Trump Sanctions Venezuela’s Vice President as ‘Drug Trafficking Kingpin’

Photo by Mark Renders/Getty Images

The Trump administration has seriously turned up the heat on Venezuela, slapping sanctions on the country’s vice president as a drug “kingpin.”

On Monday, the Treasury Department’s Office of Foreign Assets Control (OFAC) officially named Tareck Zaidan El Aissami as a “Specially Designated Narcotics Trafficker” under terms of the Foreign Narcotics Kingpin Designation Act (Kingpin Act) of 1999. The order charges that El Aissami received pay-offs from a trafficking network linked to Mexico’s Zetas narco-gang.

Under the order, U.S. nationals and corporations are barred from doing business with El Aissami, and all his assets within the country are frozen.

“OFAC’s action today is the culmination of a multi-year investigation under the Kingpin Act to target significant narcotics traffickers in Venezuela and demonstrates that power and influence do not protect those who engage in these illicit activities,” said John E. Smith, OFAC’s acting director.

But it’s hard to believe El Aissami wasn’t singled out precisely because of his power and influence within Venezuela.

After serving as minister of justice and interior, he was just appointed vice president by President Nicolás Maduro on Jan. 4. He also finds the time to simultaneously serve as the governor of Aragua state, having been elected there in 2012.

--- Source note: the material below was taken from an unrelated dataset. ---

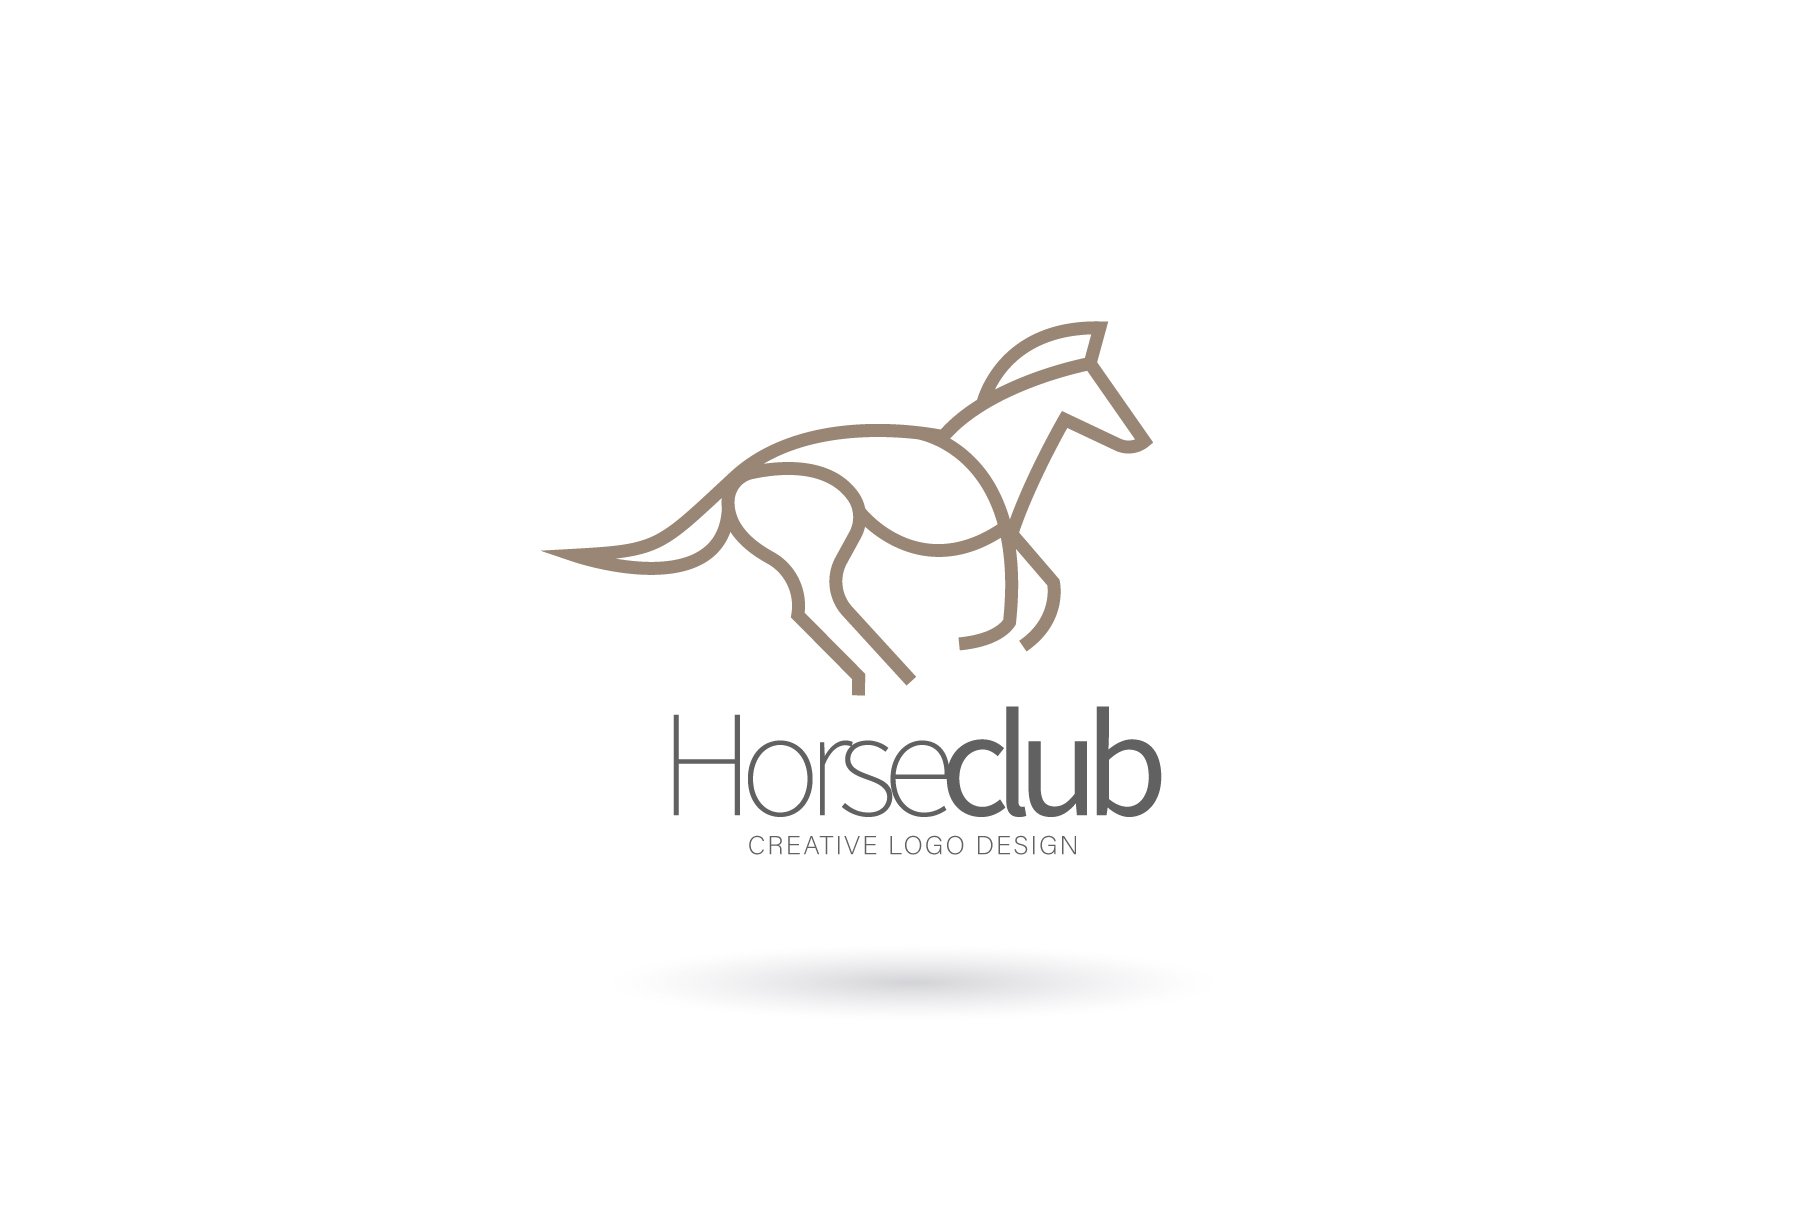 Horse club logo cover image.

OFAC’s move comes days after a bipartisan group of 34 U.S. lawmakers urged Trump to apply new sanctions against Venezuela, alleging that it supports narco-trafficking and “terrorism.” Rep. Ileana Ros-Lehtinen and Sen. Robert Menendez co-authored a letter to Trump endorsed by 32 colleagues, specifically calling on the president to investigate El Aissam’s supposed links to Middle Eastern terrorist groups.

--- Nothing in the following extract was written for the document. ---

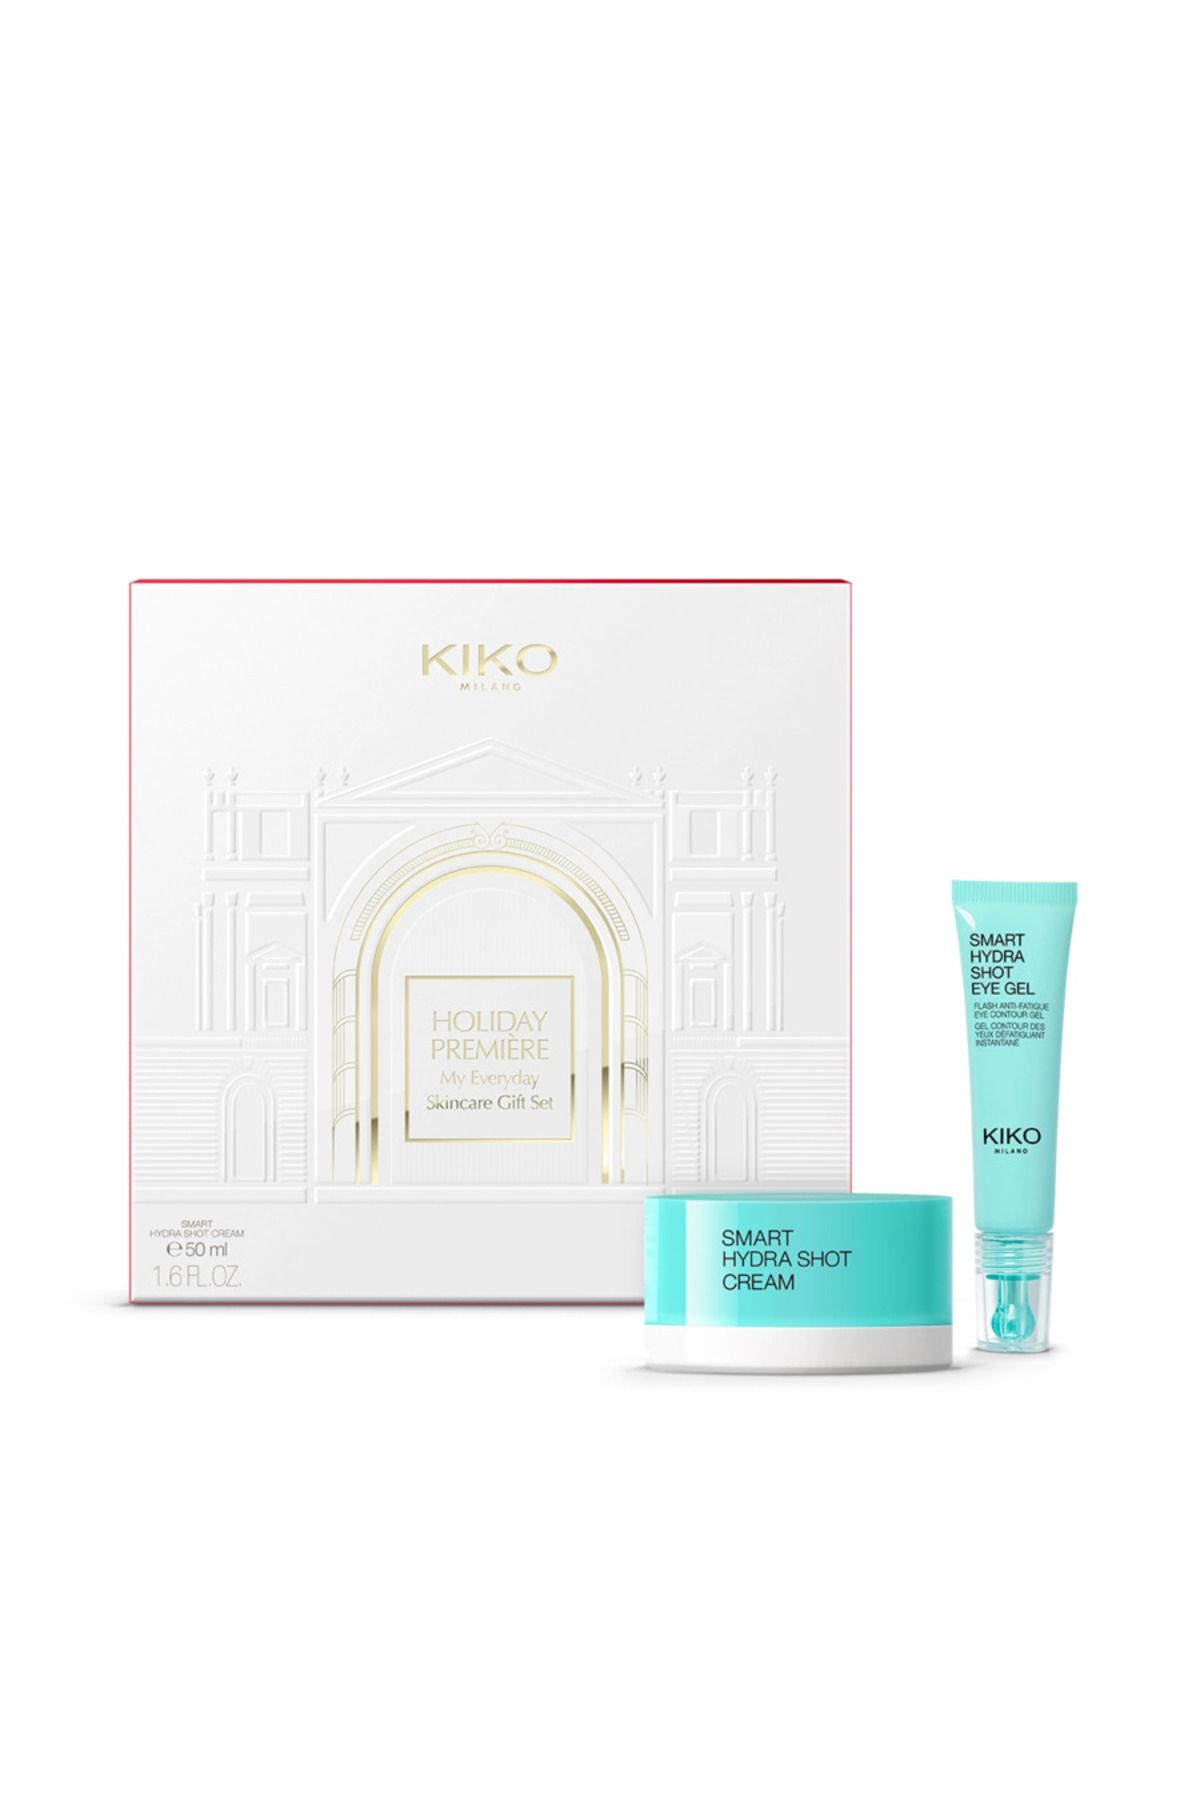 KIKO مجموعه آرایشی مجموعه هدیه مراقبت از پوست مناسب برای تعطیلات

El Aissam is the son of Syrian and Lebanese immigrants, and the OFAC statement named another Venezuelan of Middle Eastern background—Walid Makled AKA “El Turco” (the Turk), supposed boss the Cartel de los Soles (Cartel of the Suns)—as overseer of the narco network that he protected. Since being extradited to Colombia to face drug charges in 2010, El Turco has been claiming that all his operations were protected by the Venezuelan government. He’s also titillated investigators with claims to knowledge about the operations of Hezbollah in Latin America.

These claims may or may not be true, but they are certainly useful for certain Capitol Hill agendas. There has been endless speculation about collaboration between Middle Eastern terrorists and Latin American drug cartels to infiltrate the U.S. homeland—but very little actual evidence.

Media accounts now will probably fail to note that in his capacity as interior minister, El Aissam cooperated with the U.S. against traffickers operating in Venezuela, including turning over to the DEA three high-level suspects who were accused of links to Los Zetas in 2010.